» Goal of the exercise
All lines from the one containing "Club' Chest Stripe" down to the one containing "Iphone Android Desktop: Ladybug", both ends included, are to be given again exactly; omit the rest of the listing below.

» Input for this task
----------------------------------------
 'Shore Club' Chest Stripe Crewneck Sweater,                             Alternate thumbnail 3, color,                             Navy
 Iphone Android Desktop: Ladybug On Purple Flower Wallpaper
----------------------------------------
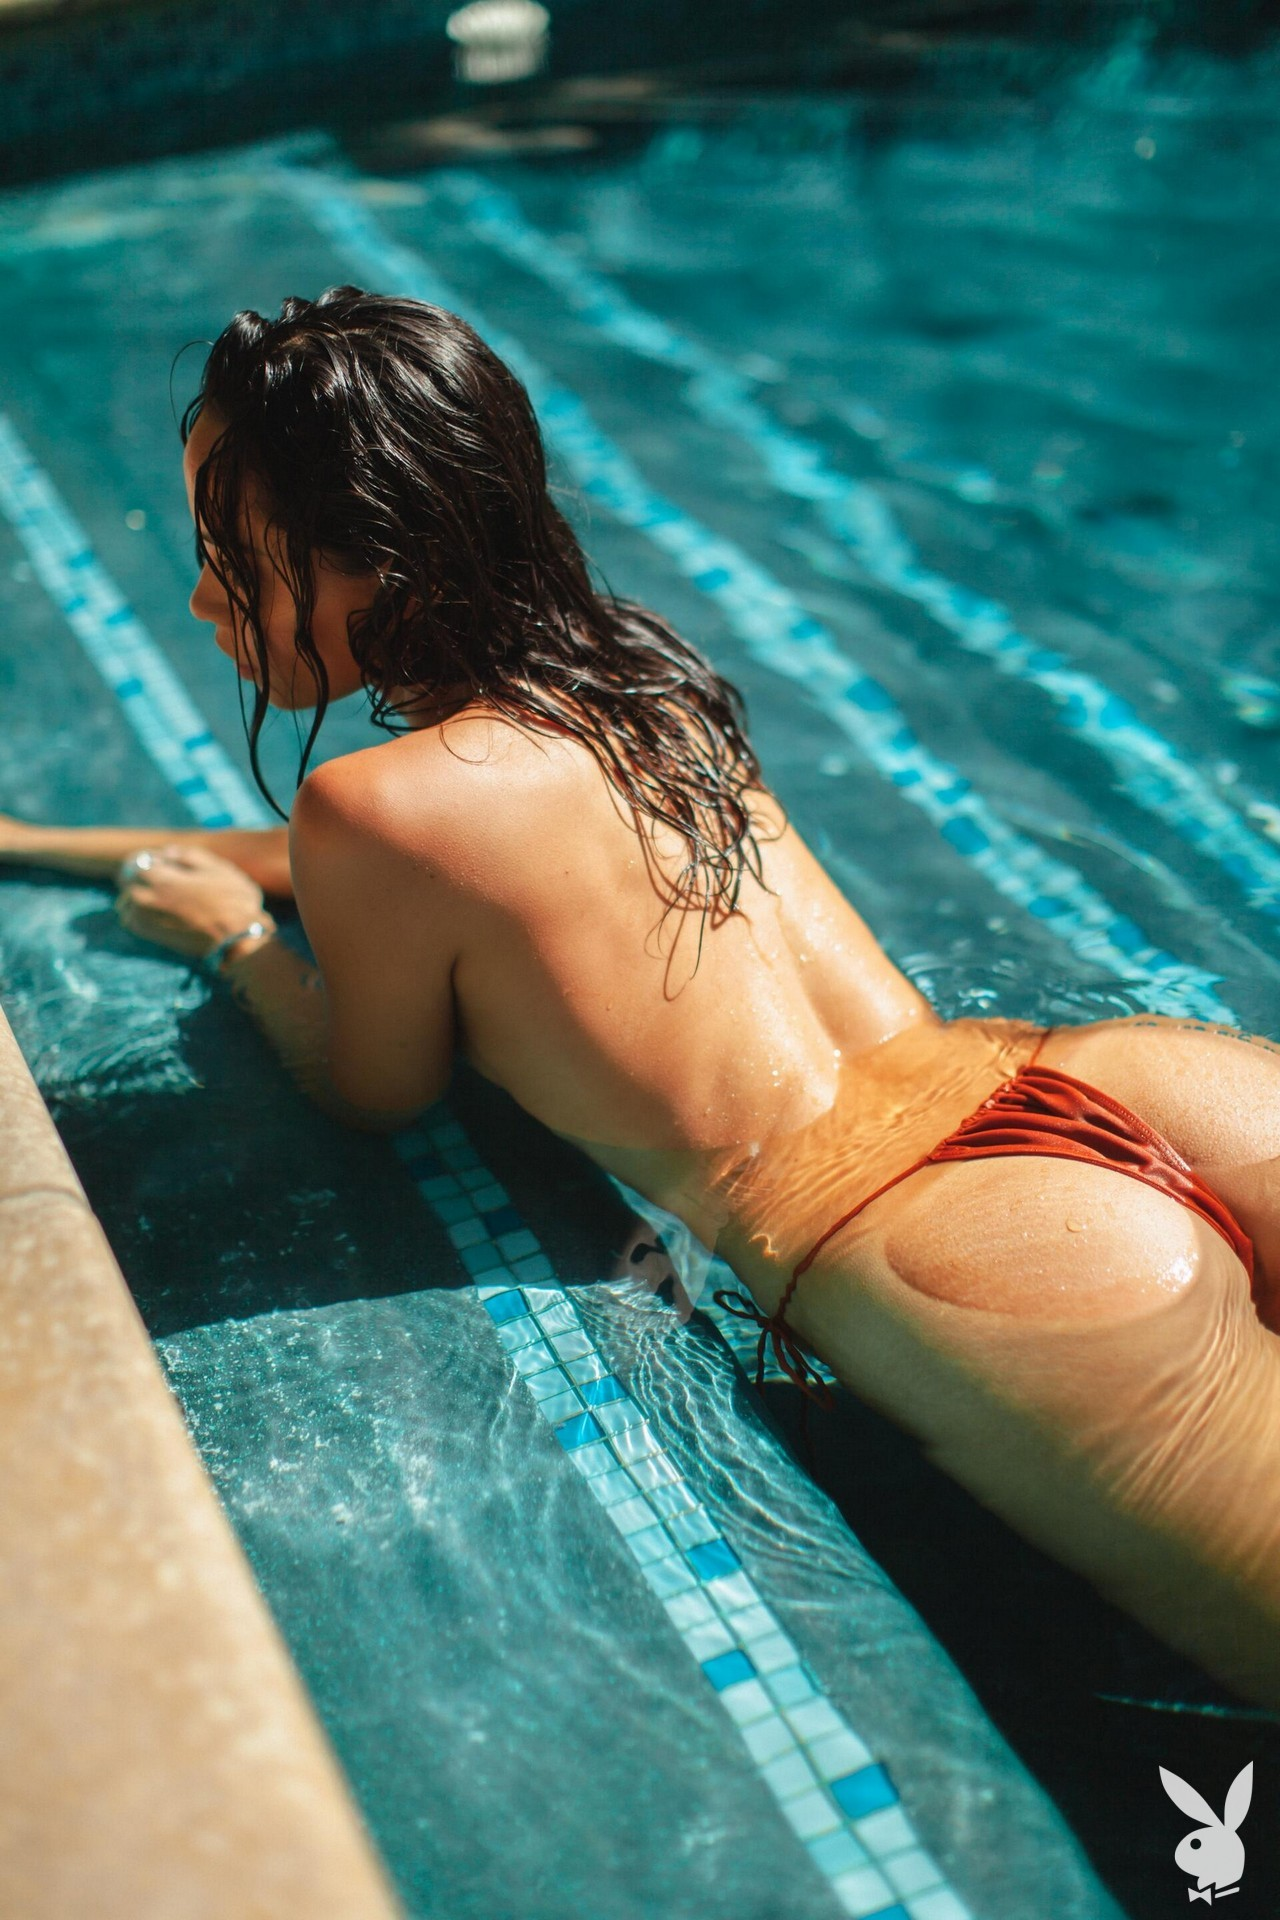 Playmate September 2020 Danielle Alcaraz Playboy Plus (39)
----------------------------------------
» Reply
 'Shore Club' Chest Stripe Crewneck Sweater,                             Alternate thumbnail 3, color,                             Navy
 Iphone Android Desktop: Ladybug On Purple Flower Wallpaper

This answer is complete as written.